No matter how you feel about the local broadcast trio who bring Gonzaga’s basketball games into local living rooms, there is something comforting about the continuity of roles.
Greg Heister not only shows his excitement on most every minute of the play-by-play, he often plays the role of target for the barbs of his partners. Those two, former Gonzaga players Dan Dickau and Richard Fox, have other roles as well, with Dickau focusing on the offense and Fox the defense.
It’s consistent. It’s relaxing. It’s expected.
But when one of the trio is missing, as it was Thursday night during Gonzaga’s 73-55 win over visiting Loyola Marymount on KHQ, it’s a bit jarring. At first.
It turned out, though, change can be invigorating.
What they saw …
• Dickau was on the road with his daughter, as she is competing in a national skating competition. Without him, Fox had the floor for most of the night. And with the defensive-minded Lions in the Kennel, it was a good match.
Case in point: A late first-half discussion between Fox and Heister about the Zags’ defense – what else? – and how to gauge Gonzaga’s improvement – or lack of same.
The context? Loyola Marymount (and a few other West Coast Conference schools) are not at the same offensive level as some of GU’s nonconference opponents – to put it nicely.
“Are we taking things away (the opposition) is trying to get?” Fox asked when asked by Heister what criteria should be used to judge their performance. “Are our rotations dialed in? Are we communicating defensively? Are we taking what we want to do … onto the floor?

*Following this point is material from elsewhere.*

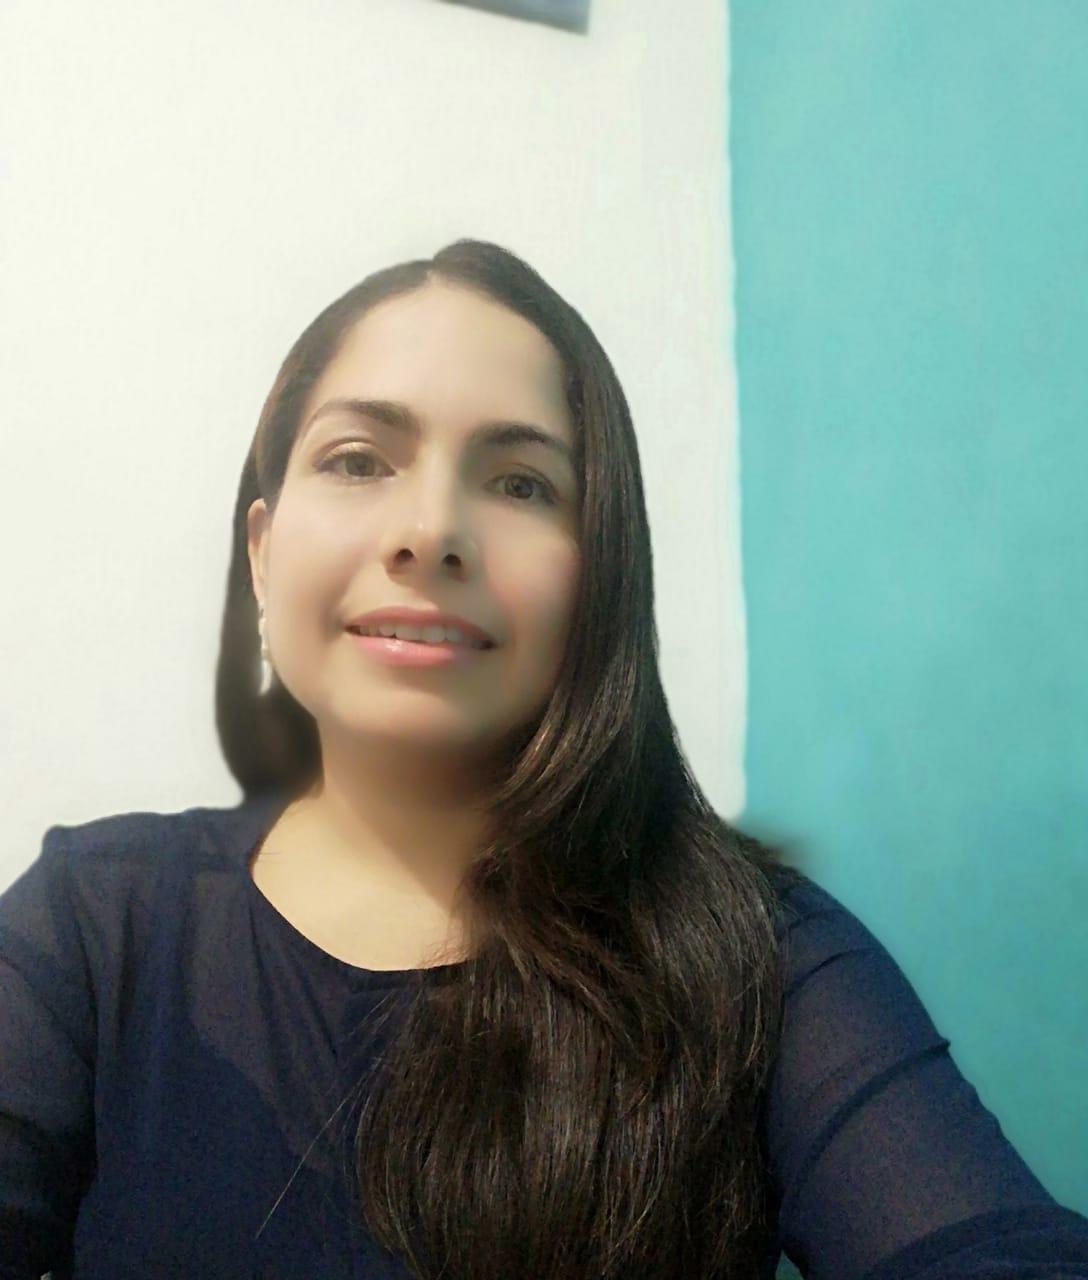 ERIKA MARIA ONOFRE PEREZ
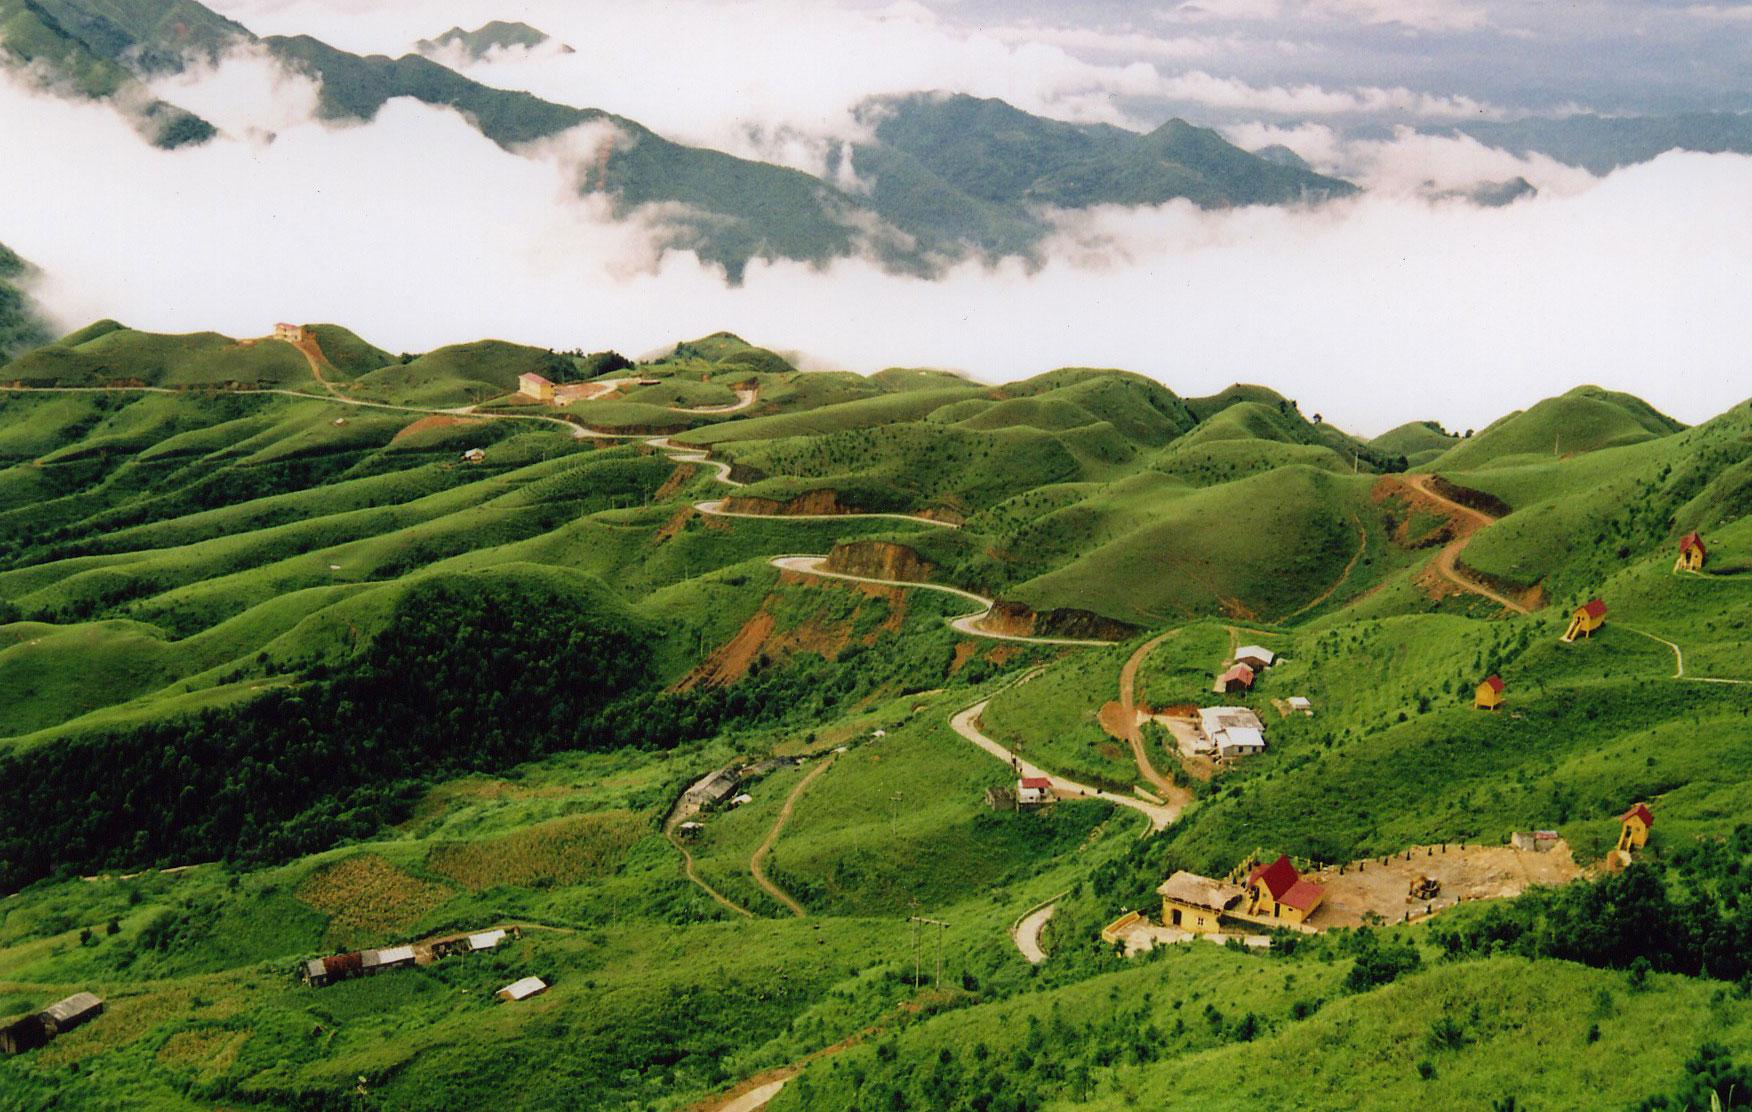 Đi du lịch Lạng Sơn tìm hiểu thiên đường kì diệu

“That’s how you measure things.”
Then he remembered one more.
“And it’s shot quality,” Fox continued. “Are we forcing difficult shots, shots they are more uncomfortable taking?”
The answers to those questions, Fox said, is, if not yes, at least they’re getting more consistent at those things.
• Gonzaga led 17-16 with 12 minutes left in the first half. It led 55-26 with 13 minutes remaining. The 39-9 run was keyed by the Zags’ defense.
As the run began, Fox pinpointed the cause right away.
“GU has just ramped it up defensively, partly with their on-ball pressure and how they’ve tried to double or hedge hard these ball screens,” he said.
• The flip side of that is sometimes the emphasis on defense can be misplaced, at least a little.
Loyola Marymount (13-5, 1-3 in WCC play) built an 11-1 start to its season mainly on its defense. But the quality of the Lions’ opposition may have contributed to their statistics – and their record.
The more advanced analytics, like those from Ken Pomeroy, don’t see the Lions as all that solid.
Even though Fox labeled Loyola “maybe the best defensive team” in the conference, they are a well-back fourth, and 103rd in the nation.
Going into Thursday, USF was still rated the best (43rd) with Gonzaga second (45) and Saint Mary’s (100) ahead.
• What Loyola Marymount is good at is forcing turnovers. That showed as Gonzaga had 16, many of those of the “what-were-they-thinking?” variety.
But overall, Gonzaga’s defense was better in every measurable metric, from turnovers forced (17-16), to shooting percentage (the Lions shot 38, but were below 30 until the final minutes; GU shot 51 percent) to defensive rebounds (GU led 23-19).
What we saw …
• Before the season began, there was some thought the fifth-ranked Zags (17-2, 4-0) would play their three bigs (Killian Tillie, Brandon Clarke and Rui Hachimura) at the same time some. But Tillie’s injury scuttled those plans.
With his return, it was just a matter of time.
That time came with 11:29 left.
“I’m fascinated to see this look for GU,” Fox said, “having all three bigs on the court.”
The experiment lasted just a few minutes.
• Clarke was his usual dominating self, with a dunk drawing most of the attention on the broadcast. But there was a play midway through the second half that really showcased his talent.
The Lions were pressuring full court. They stretched to every Gonzaga player, even as the Zags spread the court. The simple answer? Clarke flashed to the middle about 30 feet from the basket. The 6-foot-8, 231-pound sophomore Jordan Bell came out with him. Big mistake.
Clarke made one move, blew past Bell like a point guard and finished with a layup. And a foul.
Those were just two of his 13 points (he missed the free throw). But it showed something few 6-8 posts can do.